Rodrigues, João Beirão Valente Alves. "Diagnóstico de Fibrilhação Auricular após Evento Vascular Cerebral Criptogénico com recurso ao Apple Watch®: The Apple Watch Stroke Study." Master's thesis, 2020. http://hdl.handle.net/10316/97710.

Full text
Abstract:
Trabalho Final do Mestrado Integrado em Medicina apresentado à Faculdade de Medicina
Background: Up to a third of all ischaemic strokes are rendered cryptogenic or of undetermined aetiology. AF monitoring is recommended as part of the systematic investigation of potential causes. However, the most effective way of undertaking AF screening has not been established, particularly concerning the method and the duration of monitoring. Recent evidence demonstrated that an algorithm including the Apple Watch® and the Heart study app® is feasible for AF screening. This way, the Apple Watch® may prove to be a widely applicable approach for AF detection in stroke patients, likely increasing its yield. Detection of AF after incidental stroke has important therapeutic implications, since oral anticoagulation therapy would then be recommended for secondary prevention. Study design: The Apple Watch stroke study is a multicentre, prospective, randomized and controlled trial designed to evaluate the performance of the Apple Watch® and its associated smartphone application as a long-term monitoring method for AF detection after a stroke otherwise regarded as cryptogenic. Five hundred patients will be enrolled and randomized in a 1:1 fashion to standard arrhythmia monitoring, as proposed by international scientific societies (control arm), or Apple Watch® monitoring (experimental arm).Outcomes: The primary endpoint is AF detection rate within 12 months after stroke. Secondary endpoints further include recurrent stroke and rehospitalization incidence, antiarrhythmic and oral anticoagulation drug usage and a multidimensional quality of life assessment. The clinical follow-up period will be at least 12 months. Study completion date is expected at the end of 2024.
Introdução: Até um terço dos AVCs são classificados como criptogénicos ou de etiologia indeterminada. Neste contexto, o rastreio de FA faz parte da avaliação etiológica de rotina. No entanto, a duração e o método ideais para a sua monitorização continuam por esclarecer.

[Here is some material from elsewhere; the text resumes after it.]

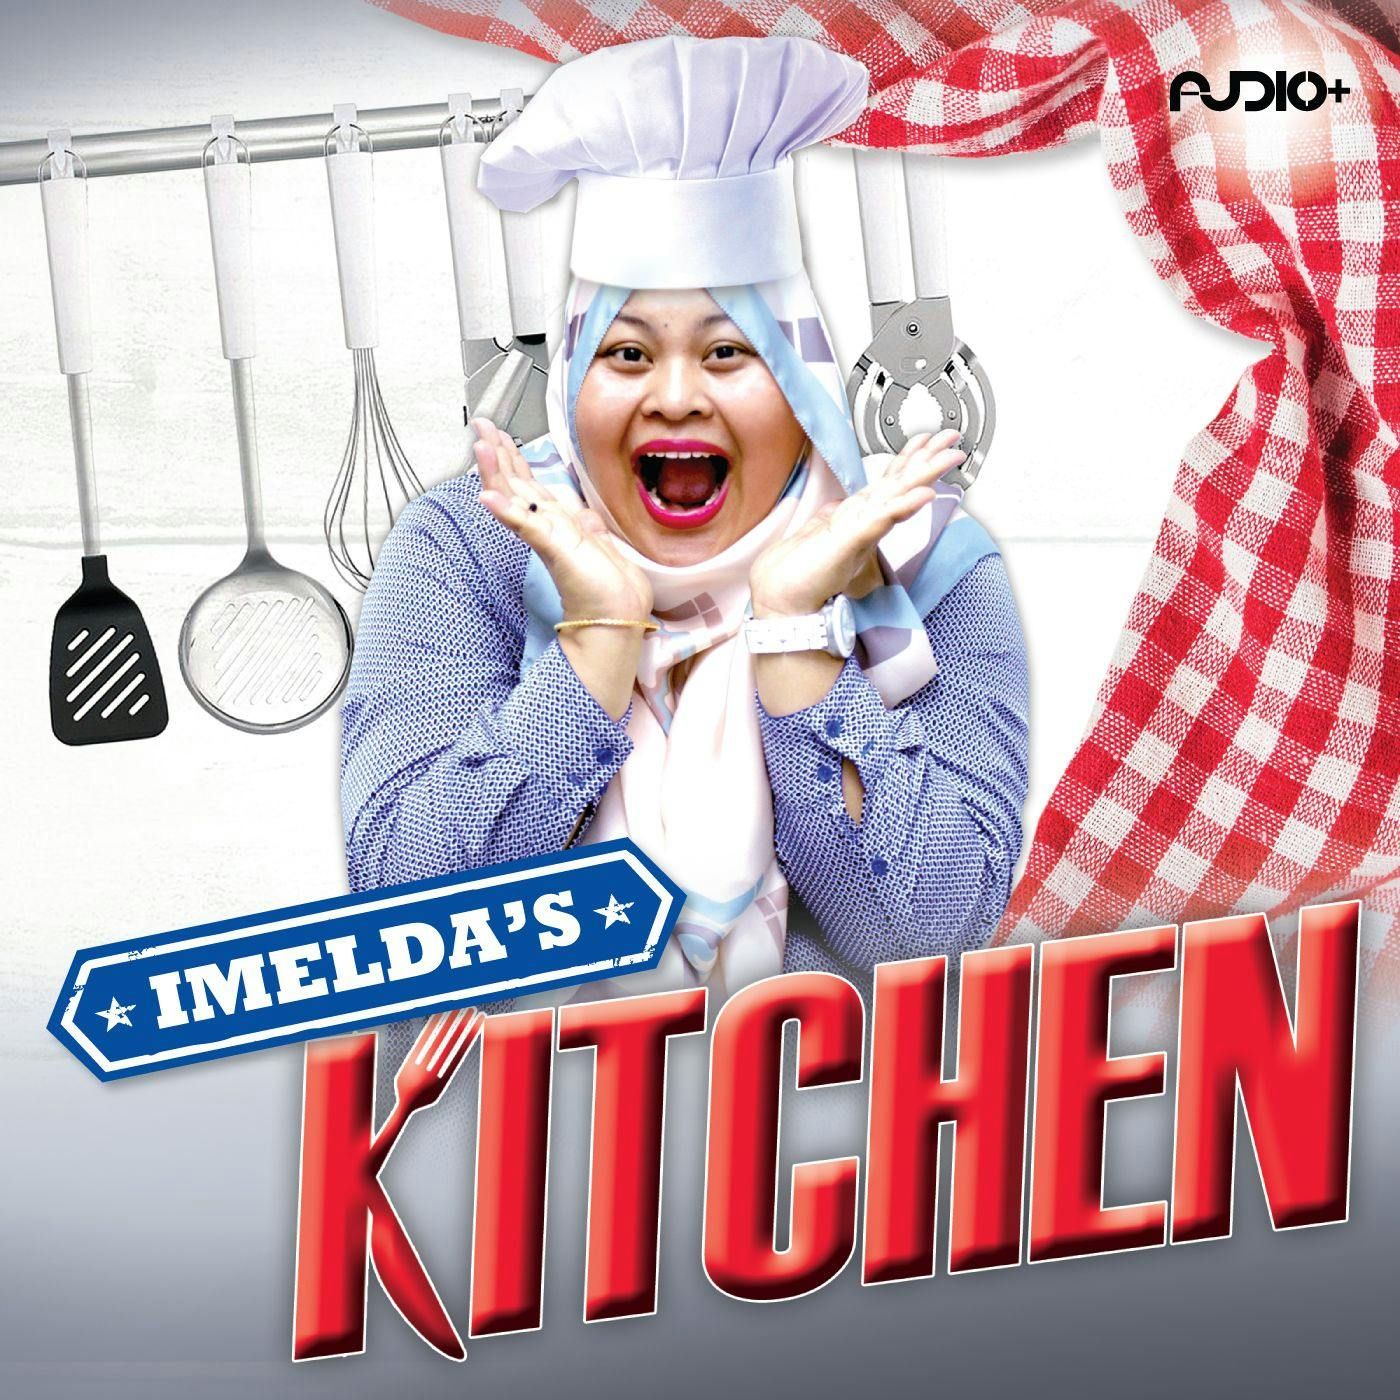 Imelda's kitchen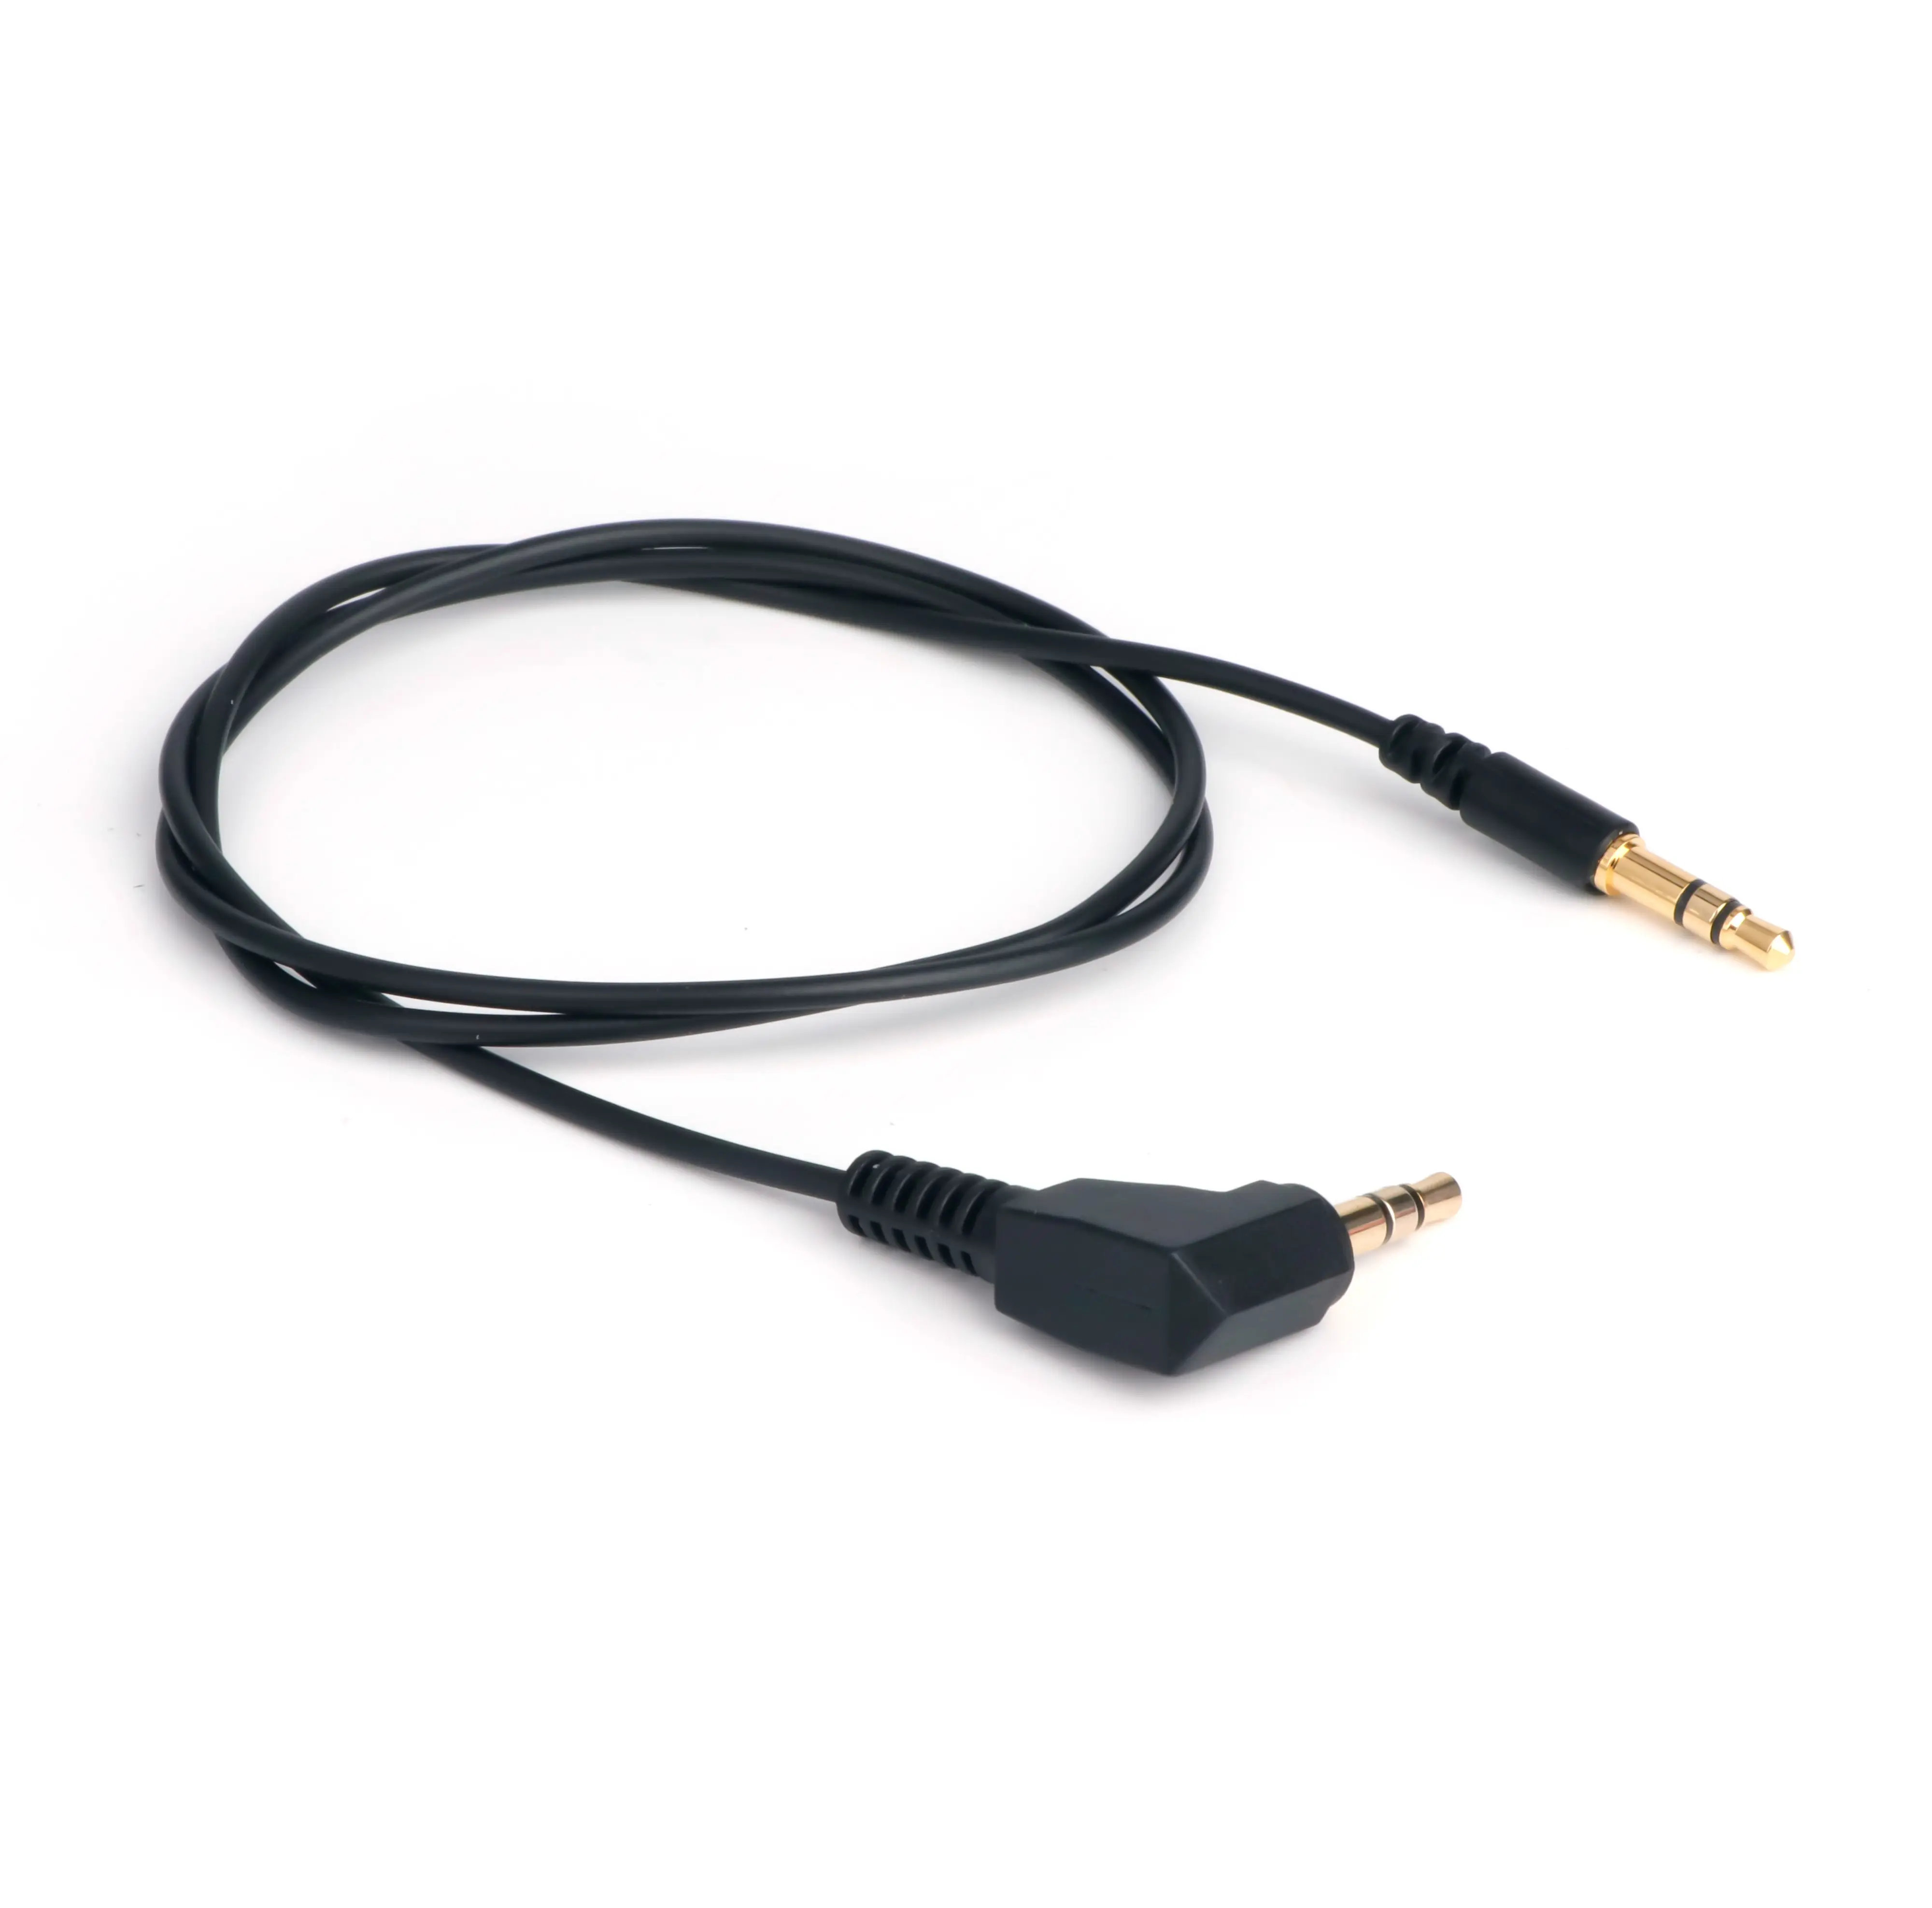 Kabel Audio Aux antarmuka Stereo lurus pria ke laki-laki Stereo 90 derajat laki-laki 3.5MM kustom

Recentemente, um algoritmo envolvendo o Apple Watch® e a Heart study app® foi validado enquanto método de rastreio de FA. Especula-se que o emprego sistemático deste método possa incrementar a probabilidade de deteção desta arritmia em doentes com AVC. A deteção de FA após um AVC tem implicações terapêuticas importantes, recomendando-se, idiossincrasicamente, a anticoagulação oral como estratégia de prevenção secundária preferencial.Desenho do estudo: O Apple Watch stroke study é um estudo multicêntrico, prospetivo, aleatorizado e controlado que visa avaliar a performance do Apple Watch® e da respetiva aplicação para smartphone enquanto método de monitorização prolongada para detecção de FA após AVC agudo de outra forma considerado criptogénico. Quinhentos doentes serão incluídos e aleatorizados num rácio 1:1 para a monitorização cardíaca de rotina por ora recomendada por sociedades científicas internacionais (grupo controlo) ou monitorização com recurso ao Apple Watch® (grupo experimental).Outcomes: O endpoint primário é a taxa de detecção de FA 12 meses após o AVC. Endpoints secundários incluem, ainda, a incidência de AVC recorrente e de re-hospitalização, o uso de farmacoterapia antiarrítmica ou anticoagulante e uma avaliação multidimensional da qualidade de vida. O período de follow-up clínico mínimo será de 12 meses. A data esperada para a conclusão do estudo é 2024.